5,0,1467811372,@Kwesidei not the whole crew
6,0,1467811592,Need a hug
7,0,1467811594,@LOLTrish hey long time no see! Yes.. Rains a...
8,0,1467811795,@Tatiana_K nope they didn't have it
9,0,1467812025,@twittera que me muera ?


## 1 Basic Feature Engineering

### 1.1 Word Count

Usually, negative comments have more words than positive comments.

In [6]:
train['word_count']=train['text'].apply(lambda x:len(str(x).split(" ")))
train[['text','word_count']].head()

Unnamed: 0,text,word_count
0,"@switchfoot http://twitpic.com/2y1zl - Awww, t...",20
1,is upset that he can't update his Facebook by ...,22
2,@Kenichan I dived many times for the ball. Man...,19
3,my whole body feels itchy and like its on fire,11
4,"@nationwideclass no, it's not behaving at all....",22


### 1.2 Character Count

Equivalent to word count, we can also count characters.

In [8]:
train['char_count']=train['text'].str.len()
train[['text','char_count']].head()

Unnamed: 0,text,char_count
0,"@switchfoot http://twitpic.com/2y1zl - Awww, t...",115
1,is upset that he can't update his Facebook by ...,111
2,@Kenichan I dived many times for the ball. Man...,89
3,my whole body feels itchy and like its on fire,47
4,"@nationwideclass no, it's not behaving at all....",111


### 1.3 Average Word Length

For each tweet, calculate the average word length: sum of lengths of words / number of words.

In [10]:
def avg_word(sentence):
    words=sentence.split()
    return (sum(len(word) for word in words)/len(words))
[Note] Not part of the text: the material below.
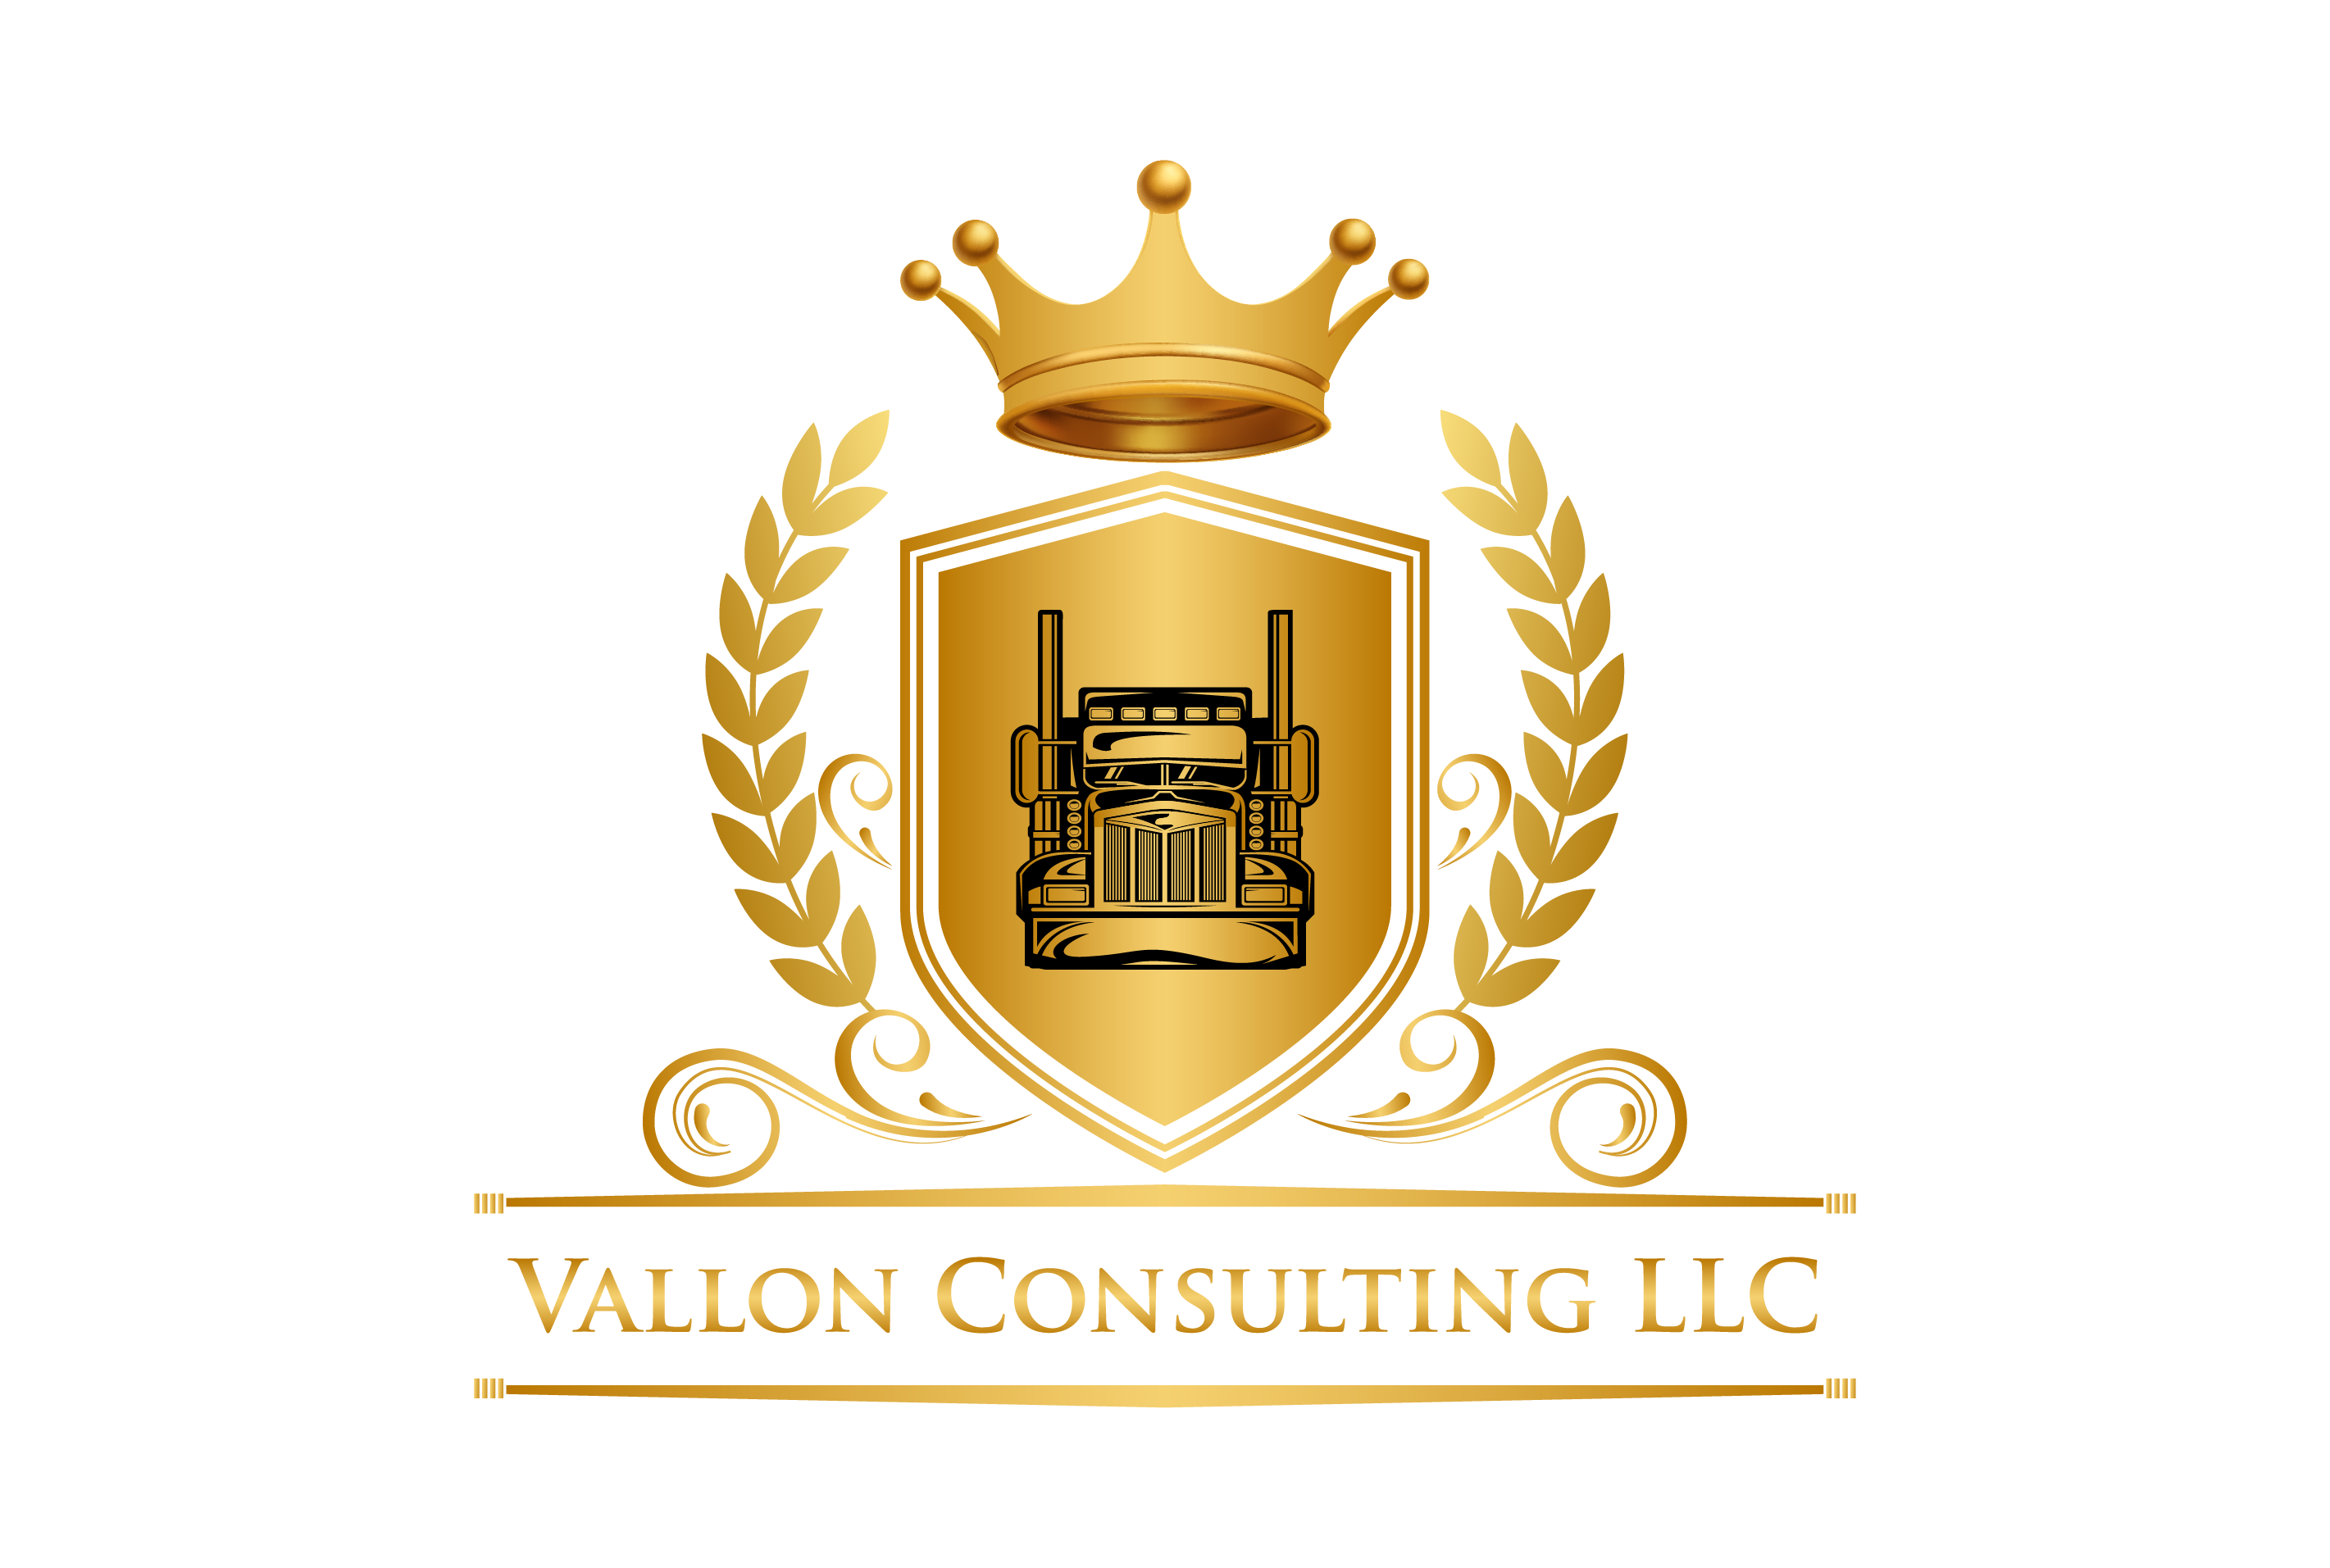 Vallon Consulting

train['avg_word']=train['text'].apply(lambda x:avg_word(x))
train[['text','avg_word']].head()

Unnamed: 0,text,avg_word
0,"@switchfoot http://twitpic.com/2y1zl - Awww, t...",5.052632
1,is upset that he can't update his Facebook by ...,4.285714
2,@Kenichan I dived many times for the ball. Man...,3.944444
3,my whole body feels itchy and like its on fire,3.7
4,"@nationwideclass no, it's not behaving at all....",4.285714


### 1.4 Number of Stop Words

Stop words are those words too common to be useful. Usually we need to remove stop words, so the number of stop words provides missing information back.

In [12]:
# !pip install nltk

In [13]:
from nltk.corpus import stopwords
stop=stopwords.words('english')

train['stopwords']=train['text'].apply(lambda sen:len([x for x in sen.split() if x in stop]))
train[['text','stopwords']].head()

Unnamed: 0,text,stopwords
0,"@switchfoot http://twitpic.com/2y1zl - Awww, t...",4
1,is upset that he can't update his Facebook by ...,8
2,@Kenichan I dived many times for the ball. Man...,5
3,my whole body feels itchy and like its on fire,4
4,"@nationwideclass no, it's not behaving at all....",10


### 1.5 Number of Special Characters

We can get the number of '#' and '@' in each tweet, which is potentially useful.


In [14]:
train['hashtags']=train['text'].apply(lambda sen:len([x for x in sen.split() if x.startswith("#")]))
train[['text','hashtags']].head()

Unnamed: 0,text,hashtags
0,"@switchfoot http://twitpic.com/2y1zl - Awww, t...",0
1,is upset that he can't update his Facebook by ...,0
2,@Kenichan I dived many times for the ball. Man...,0
3,my whole body feels itchy and like its on fire,0
4,"@nationwideclass no, it's not behaving at all....",0


### 1.6 Number of Numbers

Less commonly used but could be potentially useful

In [15]:
train['numerics']=train['text'].apply(lambda sen:len([x for x in sen.split() if x.isdigit()]))
train[['text','numerics']].head()

Unnamed: 0,text,numerics
0,"@switchfoot http://twitpic.com/2y1zl - Awww, t...",0
1,is upset that he can't update his Facebook by ...,0
2,@Kenichan I dived many times for the ball. Man...,0
3,my whole body feels itchy and like its on fire,0
4,"@nationwideclass no, it's not behaving at all....",0


### 1.7 Number of Uppercases

Uppercases express anger and rage.

In [16]:
train['upper']=train['text'].apply(lambda sen:len([x for x in sen.split() if x.isupper()]))
train[['text','upper']].head()

Unnamed: 0,text,upper
0,"@switchfoot http://twitpic.com/2y1zl - Awww, t...",1
1,is upset that he can't update his Facebook by ...,0
2,@Kenichan I dived many times for the ball. Man...,1
3,my whole body feels itchy and like its on fire,0
4,"@nationwideclass no, it's not behaving at all....",1


## 2. Text Preprocessing 

### 2.1 Lowercases

In [17]:
train['text']=train['text'].apply(lambda sen:" ".join(x.lower() for x in sen.split()))
train['text'].head()

0    @switchfoot http://twitpic.com/2y1zl - awww, t...
1    is upset that he can't update his facebook by ...
2    @kenichan i dived many times for the ball. man...
3       my whole body feels itchy and like its on fire
4    @nationwideclass no, it's not behaving at all....
Name: text, dtype: object

### 2.2 Remove punctuations

Punctuations do not carry useful information. Removing punctuations reduces the data size.

In [18]:
train['text'] = train['text'].str.replace('[^\w\s]','')
train['text'].head()

  train['text'] = train['text'].str.replace('[^\w\s]','')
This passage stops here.